Background information
- Born: James Robert Heltsley April 6, 1923 Madisonville, Kentucky, U.S.
- Died: February 6, 1999 (aged 75) Clearwater, Florida, U.S.
- Occupation: Singer
- Instrument: Vocals
- Website: Jimmy Roberts

= Jimmy Roberts (singer) =

Jimmy Roberts (April 6, 1923 – February 6, 1999) was an American tenor singer. He was a featured performer on the TV variety program The Lawrence Welk Show during its entire broadcast run from 1955 to 1982.

Born in Madisonville, Kentucky, he was serving in the United States Army after World War II when he was hit with the "show business" bug. He first sang in public during a military play while the sets were being changed and, upon his discharge from the Army, set out for Hollywood to learn his craft at the Herbert Wall Music School. In 1954, he was hired by Lawrence Welk as a soloist when Welk's orchestra performed on local television station KTLA and at the Aragon Ballroom in Santa Monica, California. A year later, when the Lawrence Welk orchestra made the move to national television on ABC, Roberts' natural singing talents made him nationally famous.

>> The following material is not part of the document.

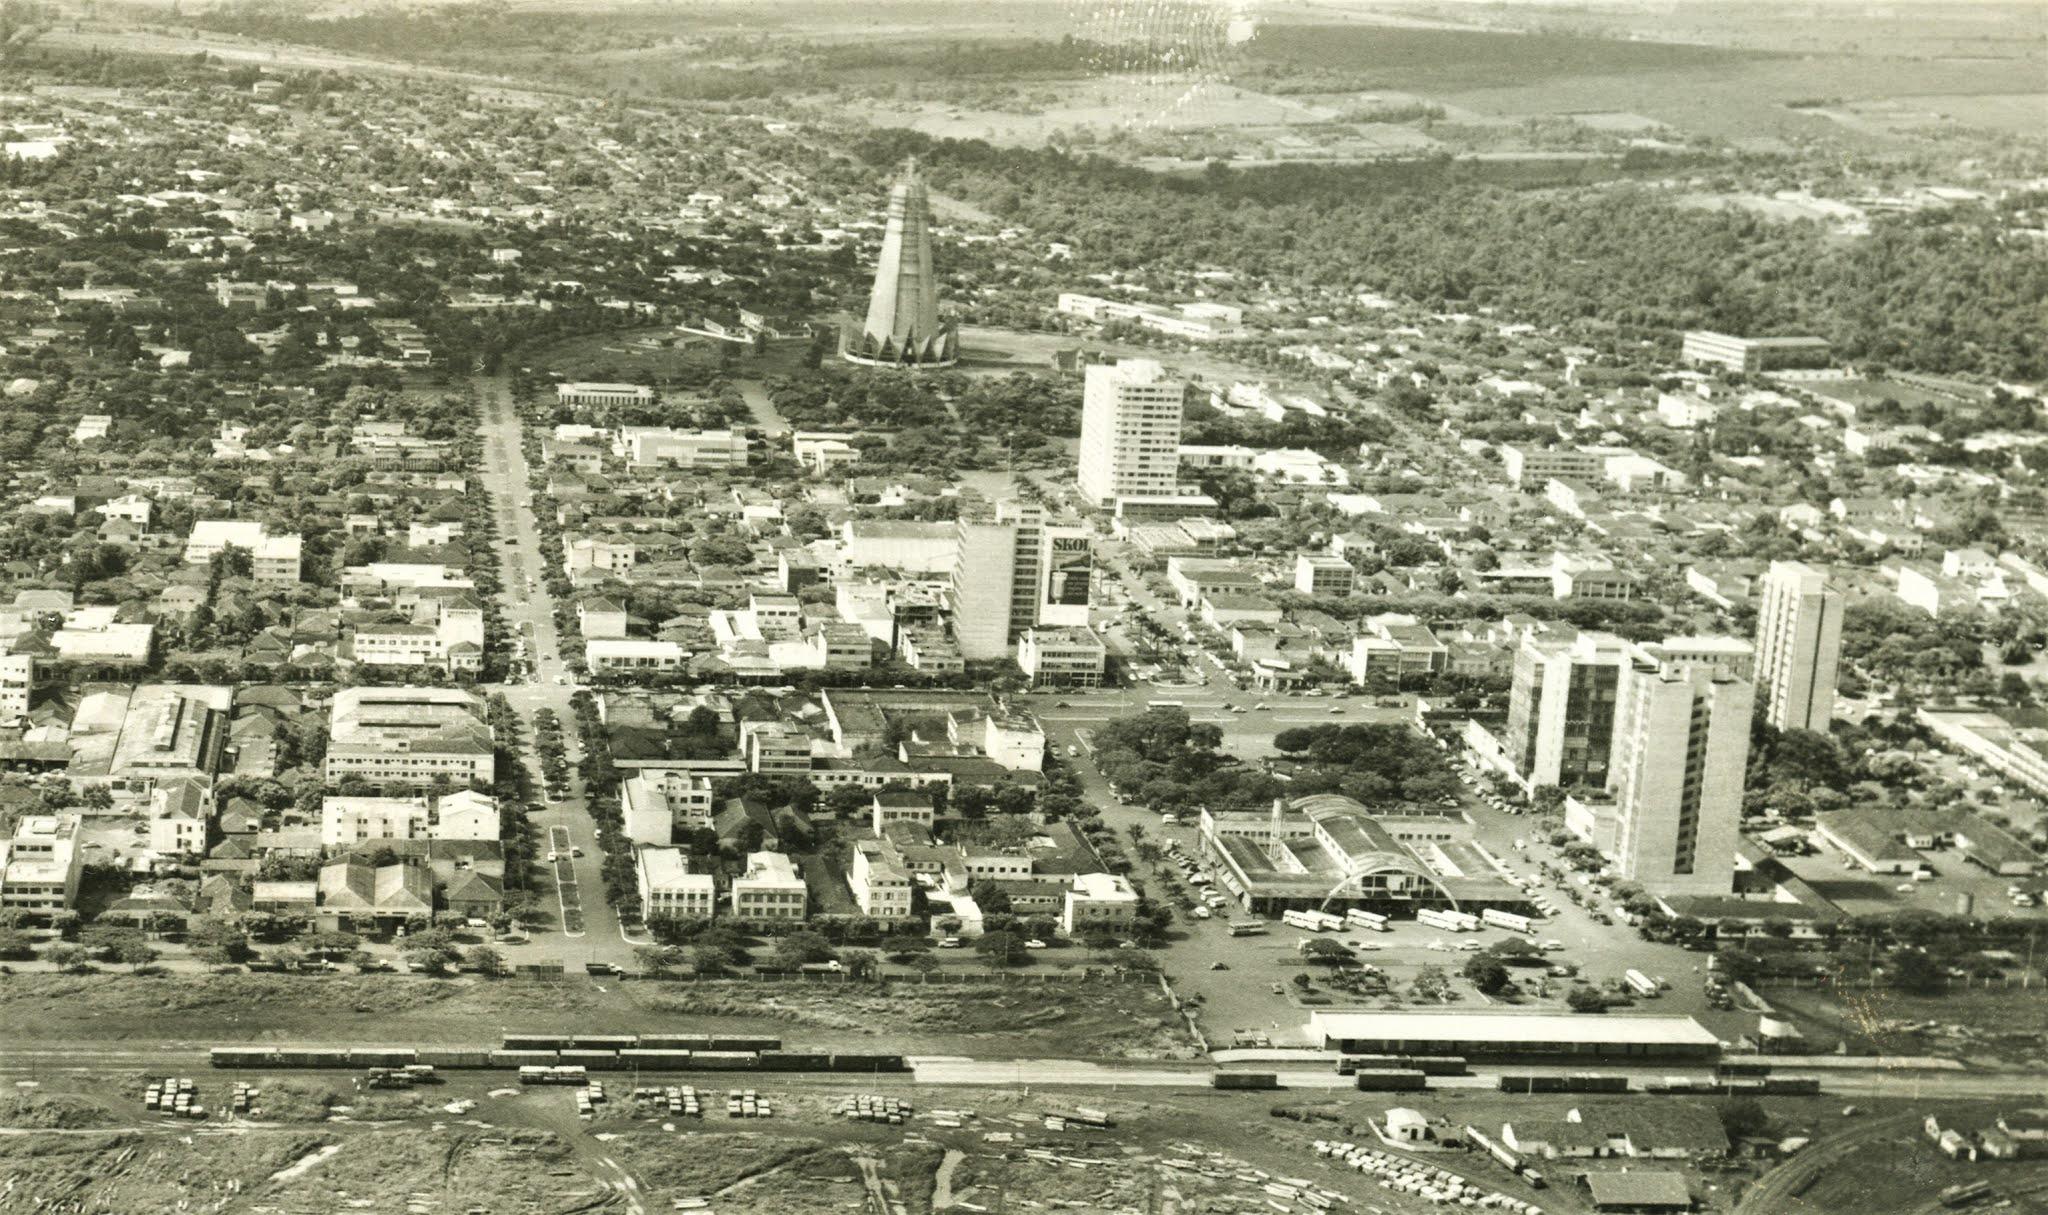 Vista aérea do centro - Anos 1970
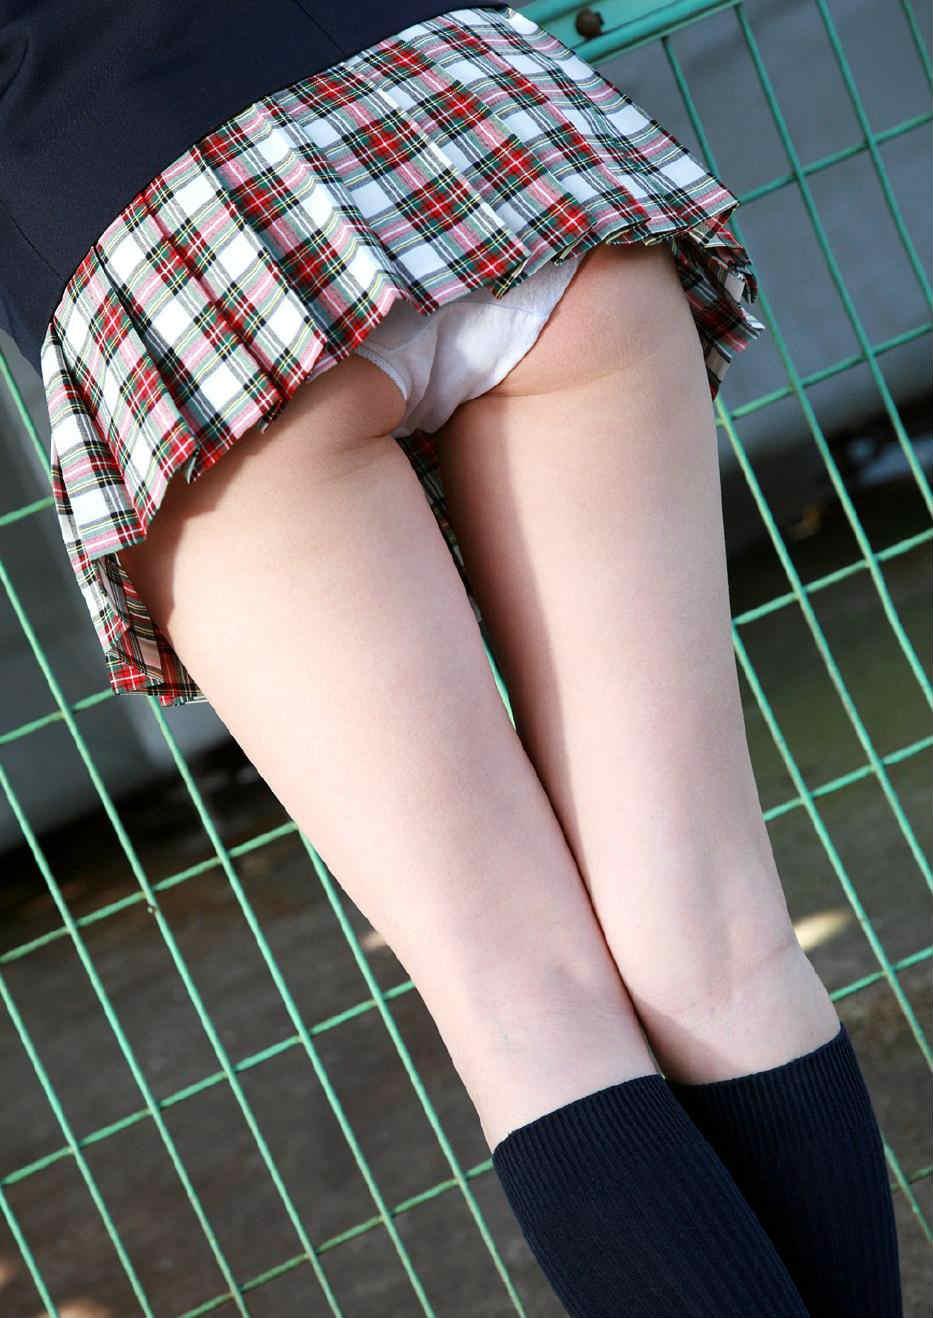 【パンチラ】度を超えた超ミニスカ女子、ワカメちゃん超えてくるwwwwwwwwwww(画像35枚)・34枚目

During his tenure on the show, his signature numbers such as "I Left My Heart in San Francisco" and "My Old Kentucky Home" made him an audience favorite, especially among the show's female fans. He also sang duets with the show's Champagne Lady Norma Zimmer.

Although he receded from the national spotlight by the late 1970s, Roberts continued to perform and tour until the early 1990s. From 1983 to 1987, he worked with a talent outfit entitled "Young American Stars of Tomorrow." His piano accompanist was well-known recording artist and educator Steve Whipkey (who was in his teens). Promoter/percussionist Jay Van Hall was the host of the program, and the outfit achieved modest financial and commercial success in the Tampa Bay area, where Roberts lived.

Roberts was the father of two sons, Gary and Steven, from his first marriage with Jane. He and his second wife, Vi, were married from 1985 until his death in Clearwater, Florida from bone cancer in 1999, just two months before his 76th birthday.